DATA PROVIDED →
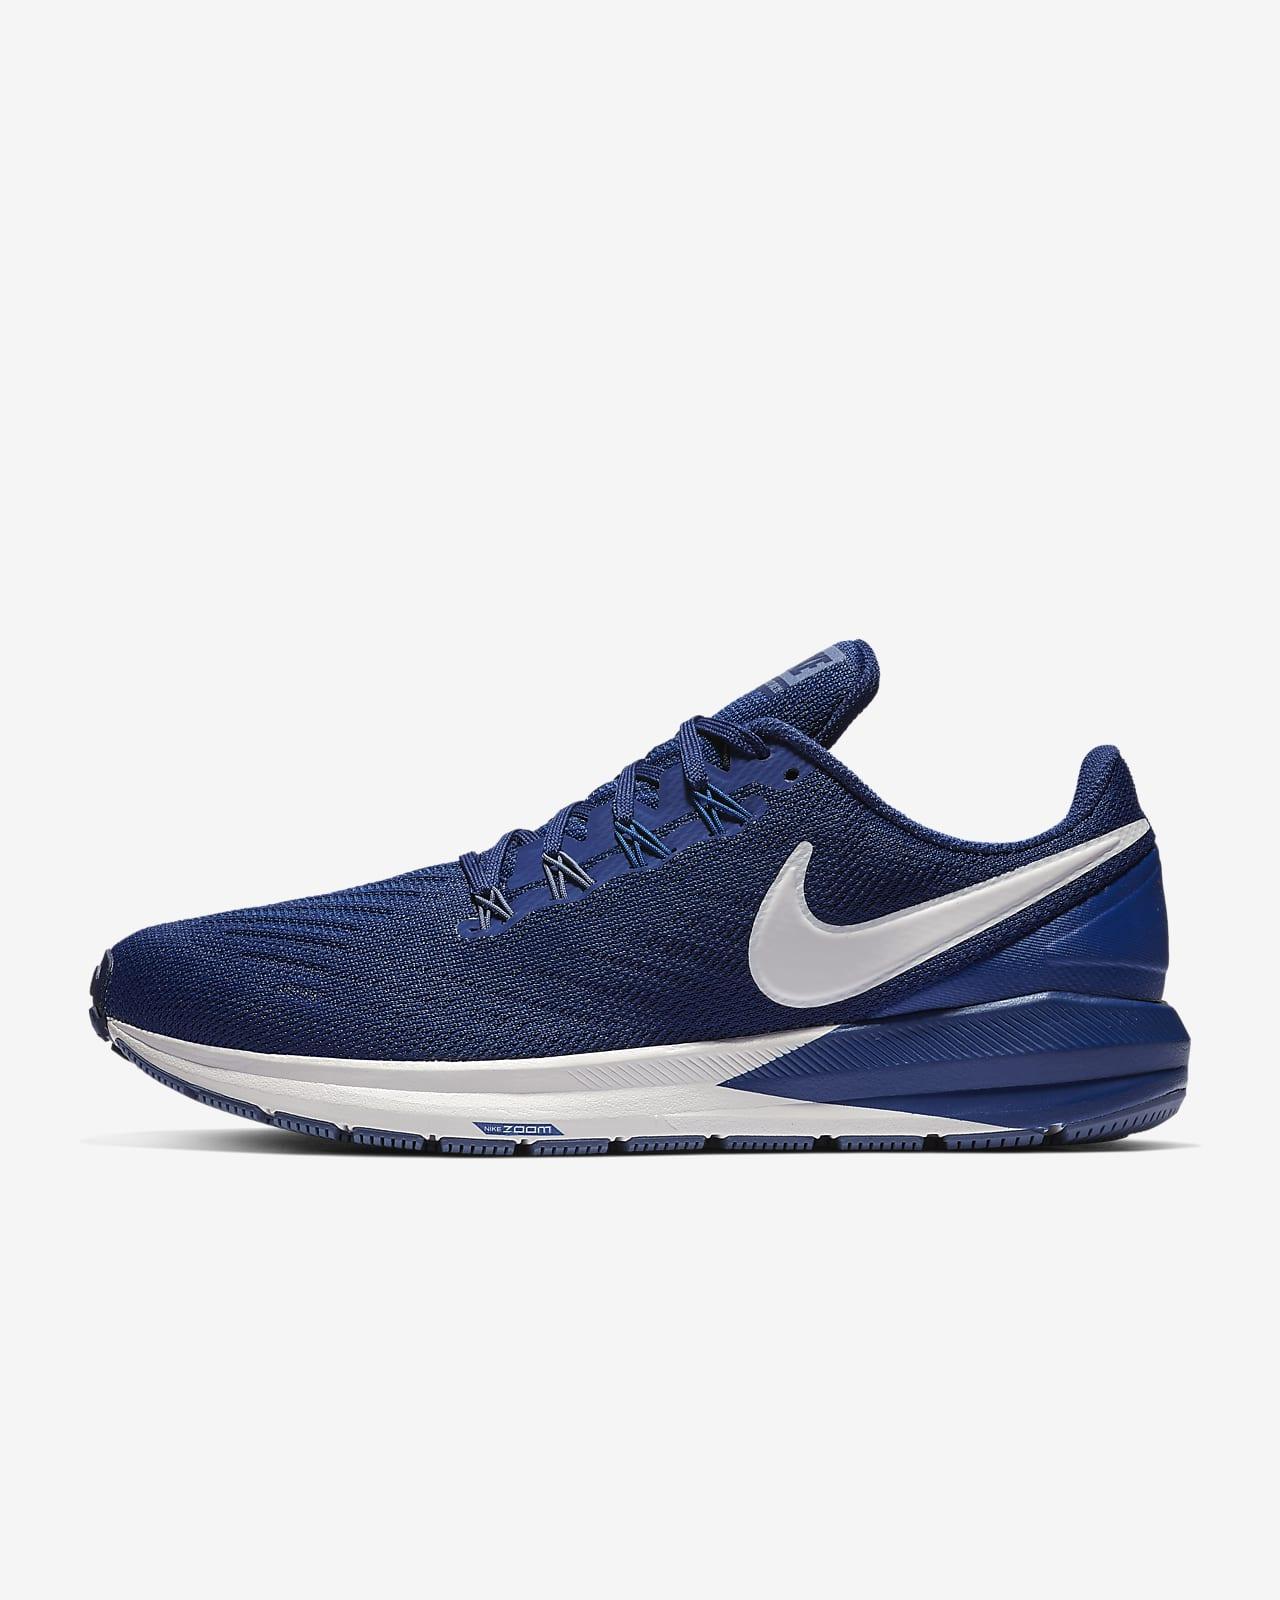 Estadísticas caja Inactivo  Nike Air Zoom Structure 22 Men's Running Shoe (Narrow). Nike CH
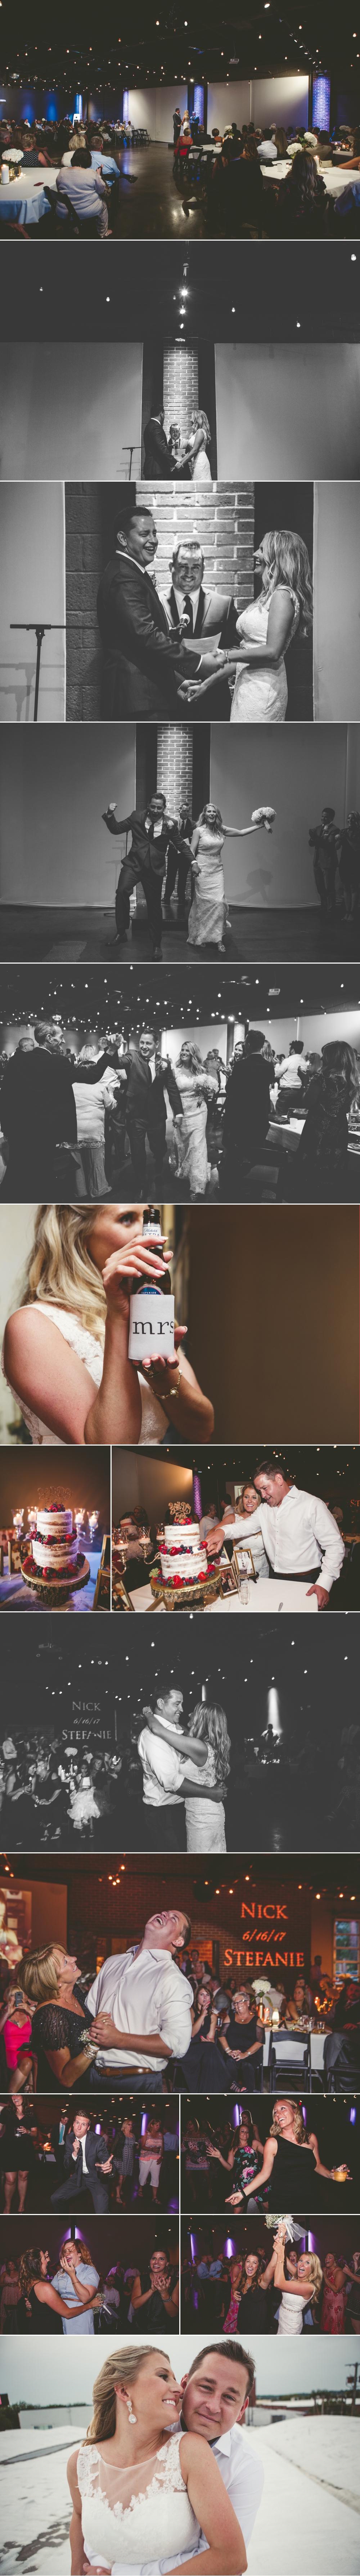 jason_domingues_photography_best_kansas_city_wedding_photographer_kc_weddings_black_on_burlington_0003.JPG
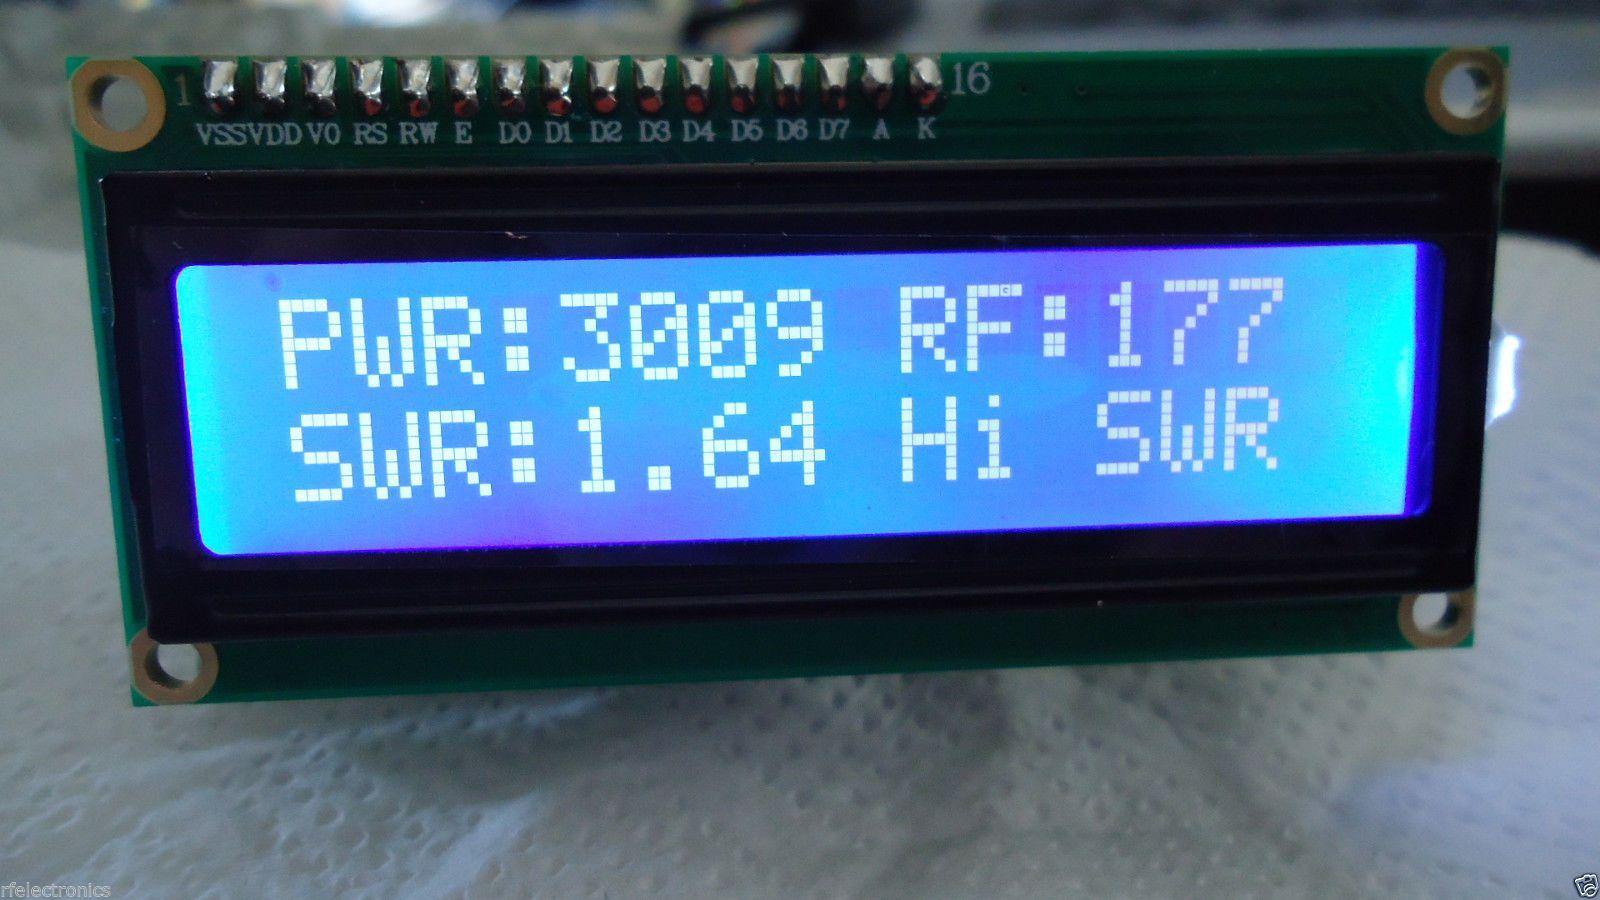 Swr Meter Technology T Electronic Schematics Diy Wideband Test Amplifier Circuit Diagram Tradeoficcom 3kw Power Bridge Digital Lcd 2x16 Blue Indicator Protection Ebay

WHAT YOU HAVE TO DO →
Copy the lines above exactly. Do not include pictures.

EXPECTED ANSWER →
 Estadísticas caja Inactivo  Nike Air Zoom Structure 22 Men's Running Shoe (Narrow). Nike CH
 jason_domingues_photography_best_kansas_city_wedding_photographer_kc_weddings_black_on_burlington_0003.JPG
 Swr Meter Technology T Electronic Schematics Diy Wideband Test Amplifier Circuit Diagram Tradeoficcom 3kw Power Bridge Digital Lcd 2x16 Blue Indicator Protection Ebay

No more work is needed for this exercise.